# Mane-ing a horse head



## Lhayn Pony (Aug 6, 2008)

So. I've had my suit for a while, but I'm just -not- happy with the wig that was used on it. I feel bad altering SPark's work, but it's just not what I'd wanted, and...yeah. Anyways. I don't really want a wig, but if it's my only option, I'll do it -- but is there any other way that anyone can suggest to do a mane (or even a zebra-esque bristly mane) for a poneh head?


----------



## Beastcub (Aug 7, 2008)

Lhayn Pony said:


> So. I've had my suit for a while, but I'm just -not- happy with the wig that was used on it. I feel bad altering SPark's work, but it's just not what I'd wanted, and...yeah. Anyways. I don't really want a wig, but if it's my only option, I'll do it -- but is there any other way that anyone can suggest to do a mane (or even a zebra-esque bristly mane) for a poneh head?

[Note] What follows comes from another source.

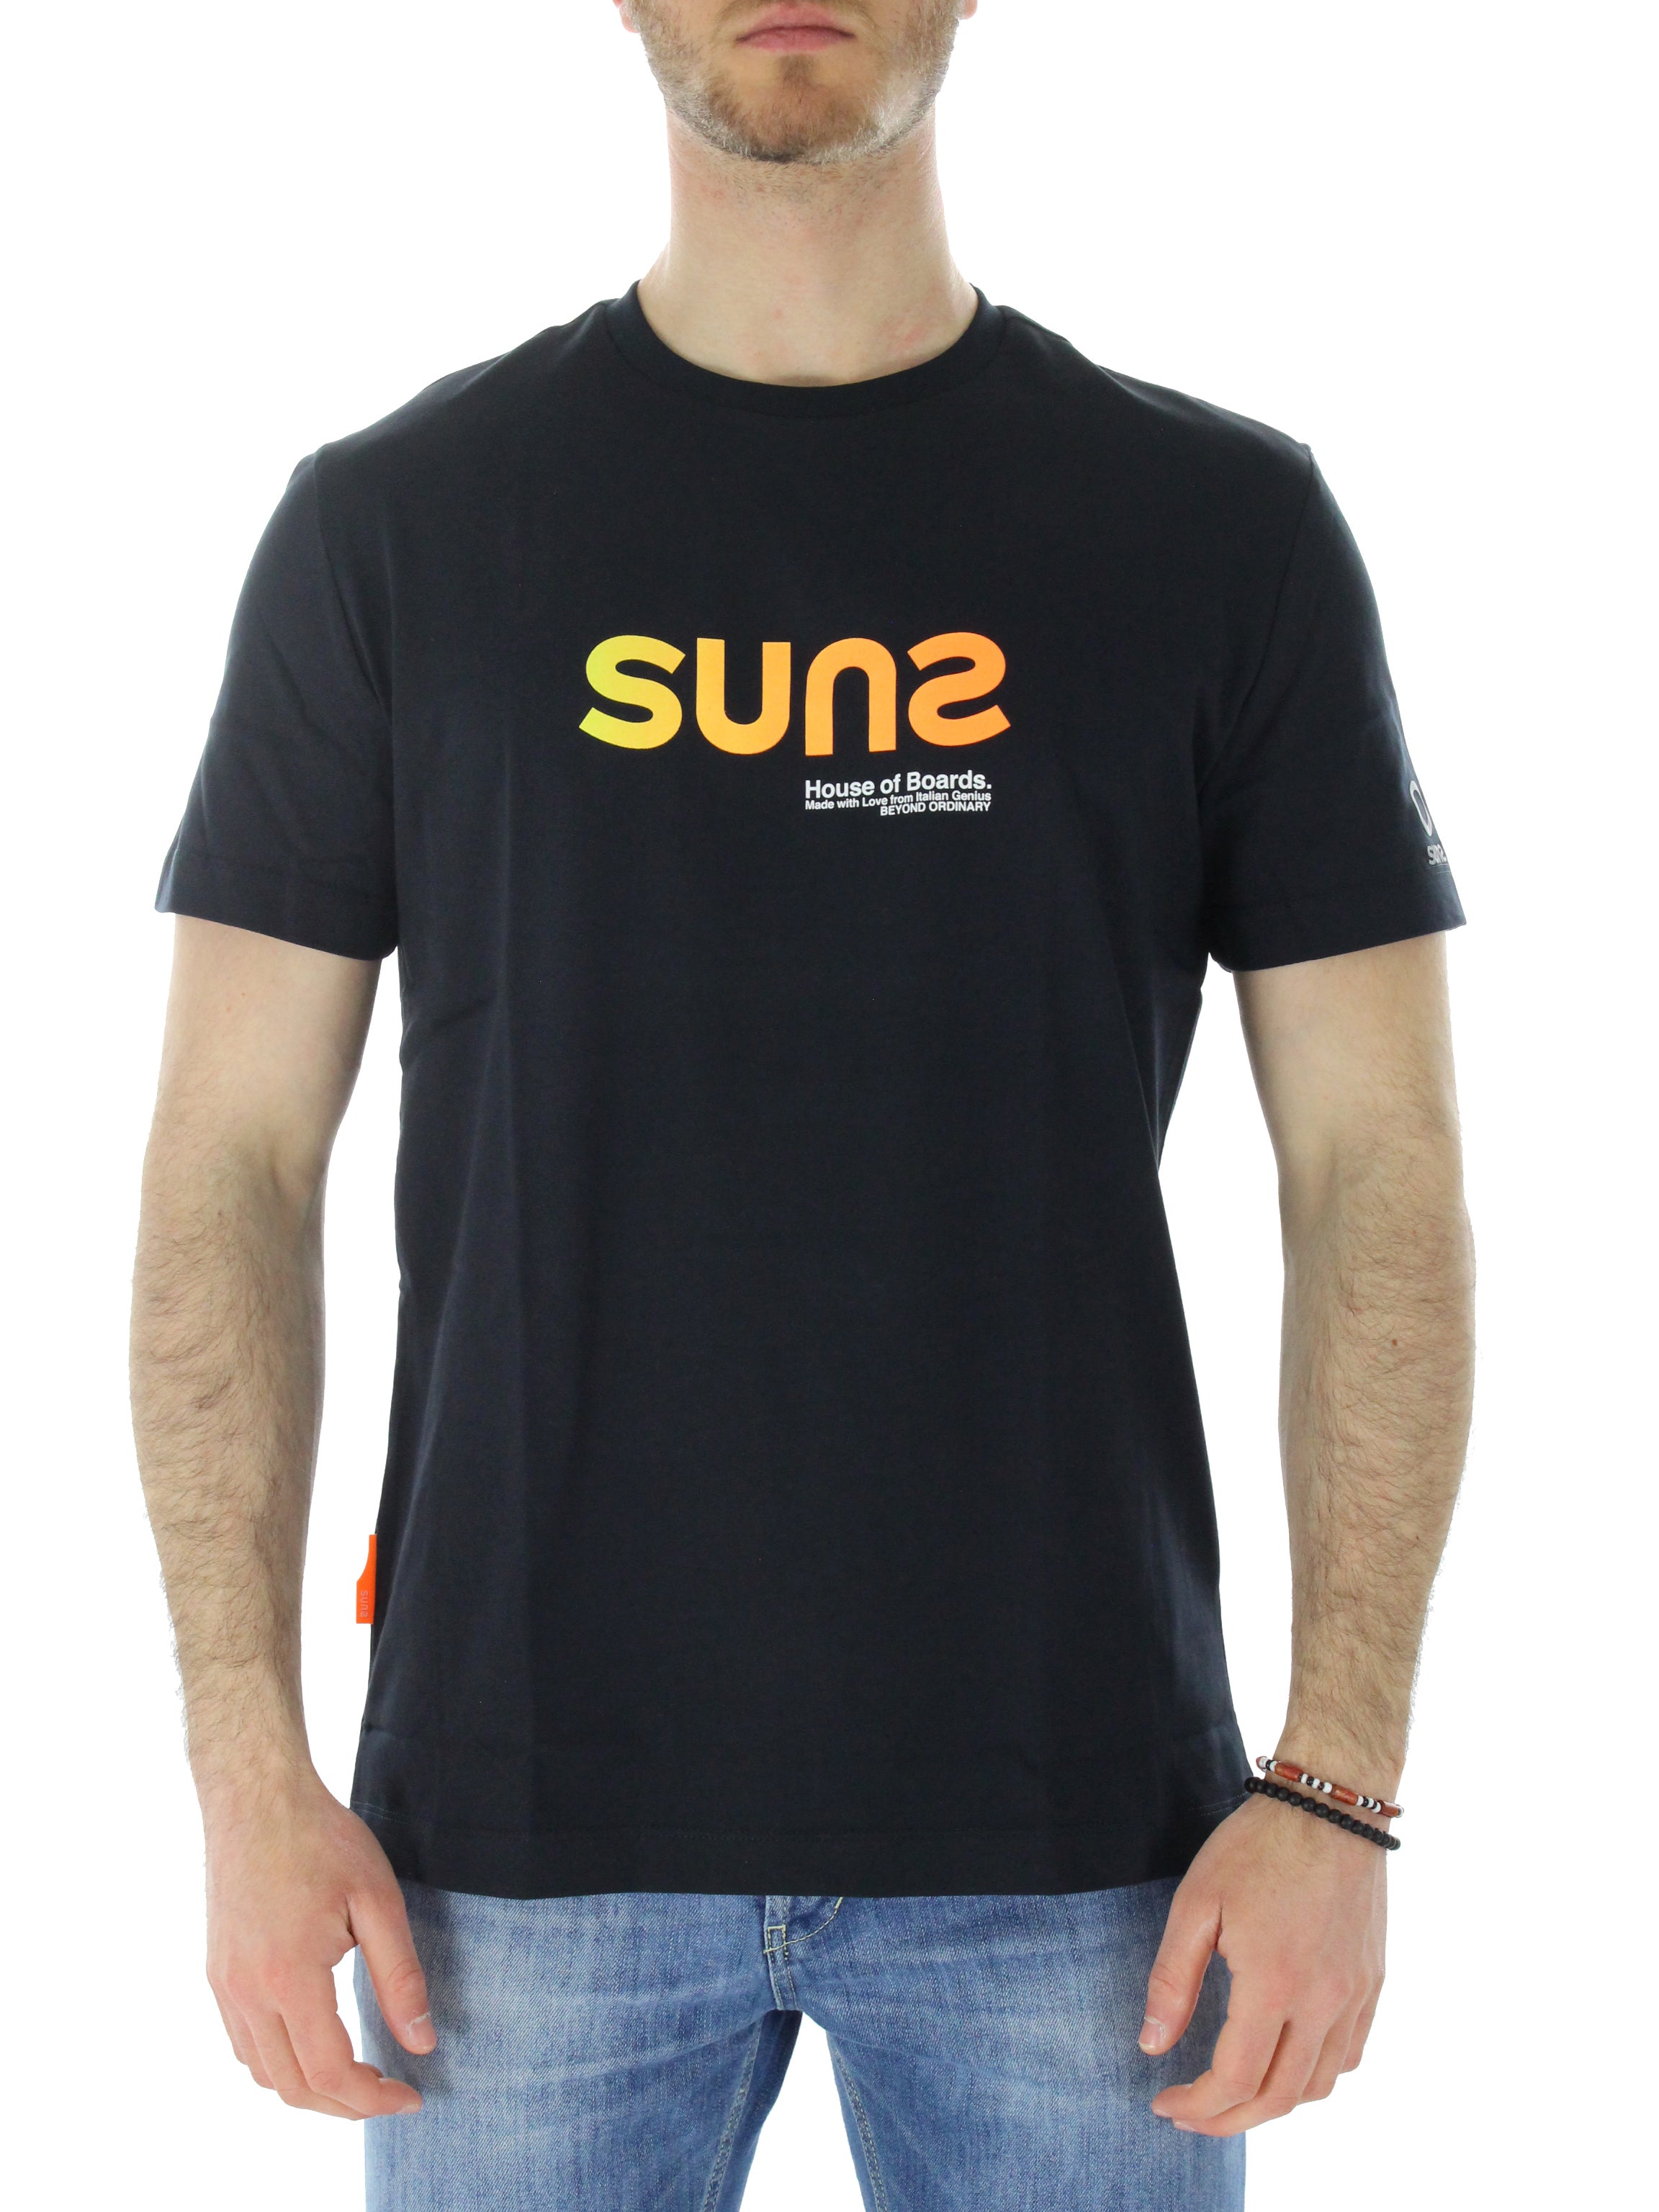 Suns t-shirt paolo br

cut a slit down the fur, put foam padding behind it, put the hair in the slit you made, glue the hair to the foam then close the slit you made glueing the fur to the hair and the foam


----------



## Beetlecat (Aug 7, 2008)

Beastcub said:


> cut a slit down the fur, put foam padding behind it, put the hair in the slit you made, glue the hair to the foam then close the slit you made glueing the fur to the hair and the foam




This. but make sure you weft the hair first if it is loose or it'll fall out when you comb it. You can use horse hair for the bristly look or hair extensions if you want it to flop over a bit more.


----------



## Lhayn Pony (Aug 9, 2008)

Thanks y'all!  I'll keep you updated and post pics once I have something.


----------